Biraz da özeleştiride bulundu, “Bazen kendimizi aynada göremiyoruz. Hep doğru yaptığımızı sanırız, ama biz de insanız, bizim de görmediğimiz, yapamadığımız şeyler oluyor.”Bu yiğitliği kimse yapmaz, kimse kendini ele vermez. Hele hele siyasetçi ise, asla!

Basın toplantısında, yanında; AK Parti il Başkanı Fatih Mehmet Erkoç, merkez ilçe başkanı Necati Okay ve basından sorumlu il başkan yardımcısı Dr.İrfan Karadutlu da hazır bulunurken, Fatih Mehmet Erkoç zaman zaman Tatlıbal’ın açıklamalarına açıklık getirmek, kulvar değiştirmek için sözler aldı, bizleri bilgilendirdi. Ama Necati Okay’ın ağzından çıt çıkmadı.

İyi de etti. Yalnız, Tatlıbal bir yerde, açılım ve PKK’lıların ülkeye giriş yaptıklarında, DTP’lilerin yaptığı şovu kastederek, “DTP şerefsizlik yaptı” cümlesini kullanmayacaktı. Şu hassas dönemde, bir partiyi şerefsizlikle itham etmek, bilmiyorum ne kadar şık düştü, onu da kamuoyu değerlendirsin. Mecliste belli bir kesimi temsil eden partiye yersiz ve zamansız kelimeleri kullanırsanız, yarın aynı şeyi sizin için de kullandıklarında sesinizi çıkartmayacaksınız.

Ağzından kaçırıverdi, pot kırdı bize göre. Belki de sonradan pişman olmuştur ama, iş işten geçmiş, gazeteci arkadaşlarımın notları arasında yerini almıştı bile bu nahoş cümle.

Tatlıbal, dedik ya, dobra siyasetçi. Diline, ağzına geldiği gibi konuşur, kıvırmaz, lafı esirgemez. Bu doğru mu, değil. Siyasetçilerin kelimeleri tartarak, özenle seçerek kullanması gerekir. Yoksa başınız ağrır. Sonra, “dilim-dilim, başıma giydirir kilim” derler adama.

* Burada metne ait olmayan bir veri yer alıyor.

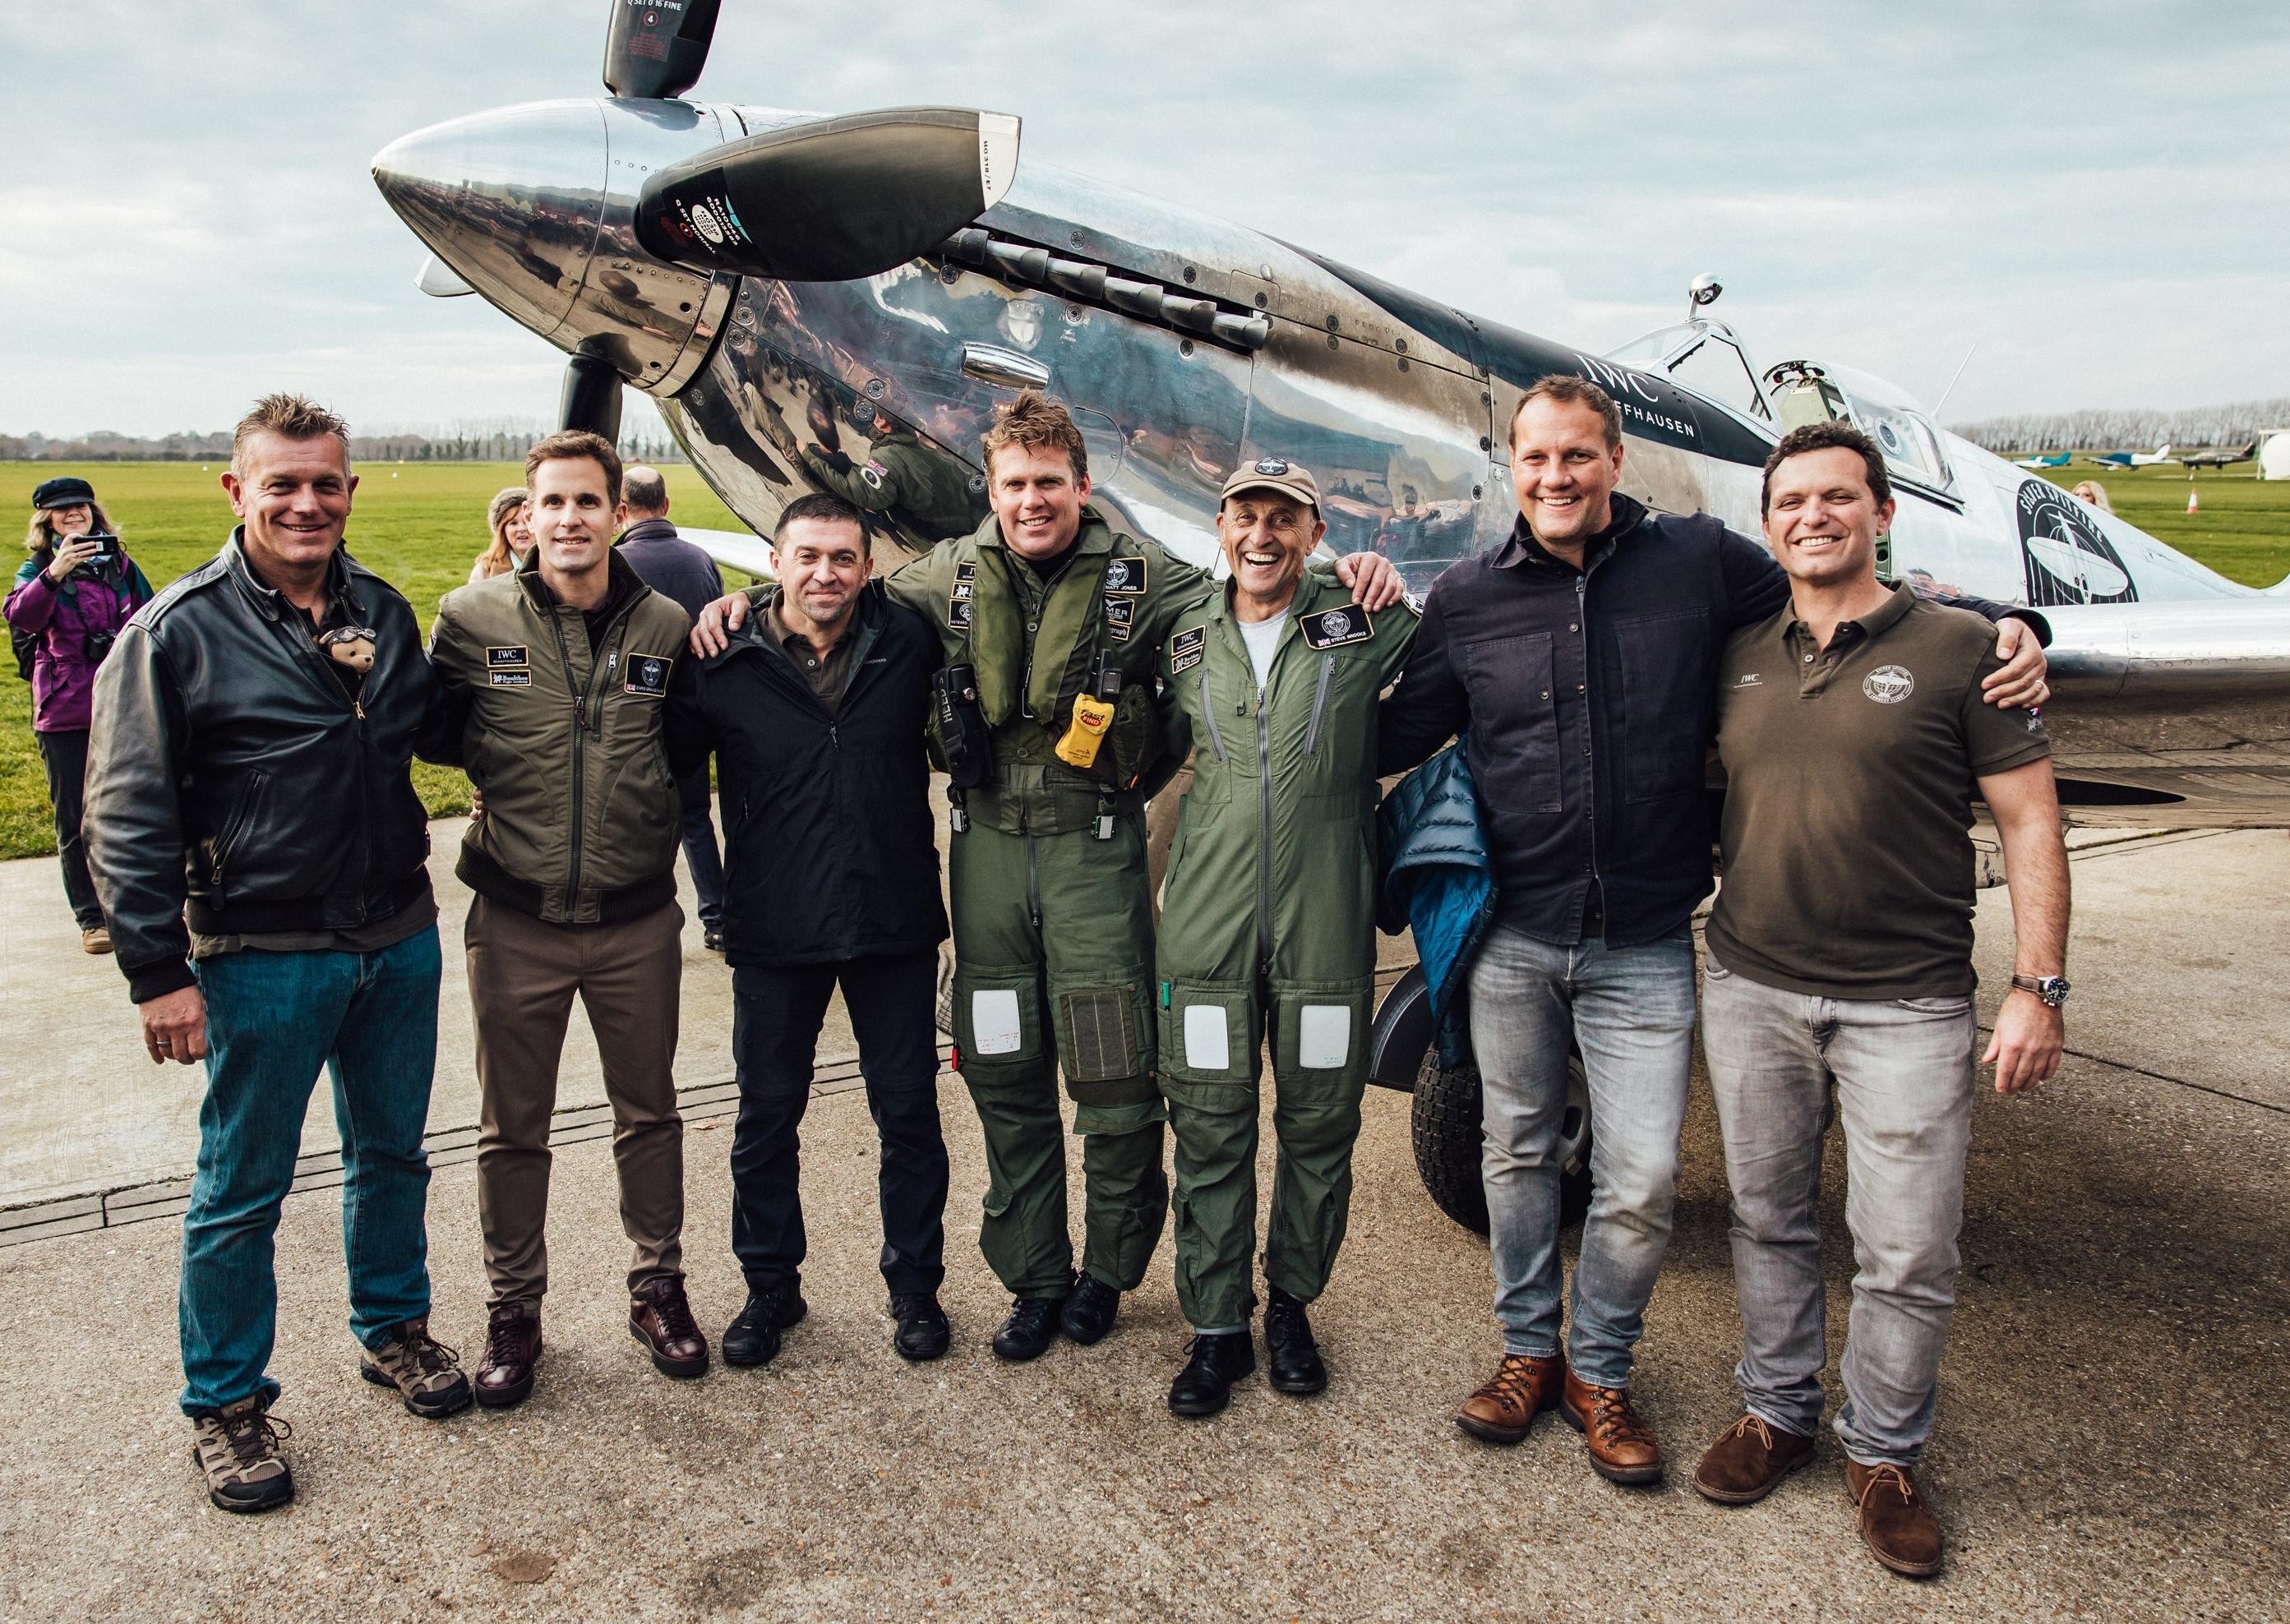 Two Goodwood pilots have landed back home after flying a Silver Spitfire around the world in four months. Photo by Christopher Busch for IWC Schaffhausen SUS-190512-175612001

Yukarıda da söyledim, bu basın toplantısı gündeme ilaç gibi geldi. Suskun, sessiz gündem, bir günde Tatlıbal’ın açıklamaları ile ateşleniverdi, hareketlendi.

Sayın vekilim Tatlıbal’ı tebrik ediyorum. Delikanlıca çıkıp, il ve merkez ilçe başkanını da yanına alarak kamuoyunun merakla beklediği sorunlara, sorulara açıklık getirdiği için, açıklamalarda bulunduğu için.

Lakin, o dobra bildiğimiz, lafını esirgemeyen biri olarak tanıdığımız Tatlıbal, zaman-zaman gazetecilerin soruları karşısında adeta terledi, zor ve sıkıntılı dakikalar yaşadı. Özellikle Mustafa Şirin, Mehmet Taş ve Mehmet Fiskeci’nin soruları karşısında, öyle anlık dakikalarda ne diyeceğini bilemedi, şaşırdı, yutkundu, bu yüzden de ara ara araya Erkoç girerek, havayı ve konuları yumuşatmaya çalıştı ki, bunu da ziyadesiyle başardı.

Her ne olursa olsun, bu toplantı gerekliydi, ilaç gibi geldi.

Teşekkürler sayın vekilim, teşekkürler ve merkez ilçe başkanım. Ve de Karadutlu dostum.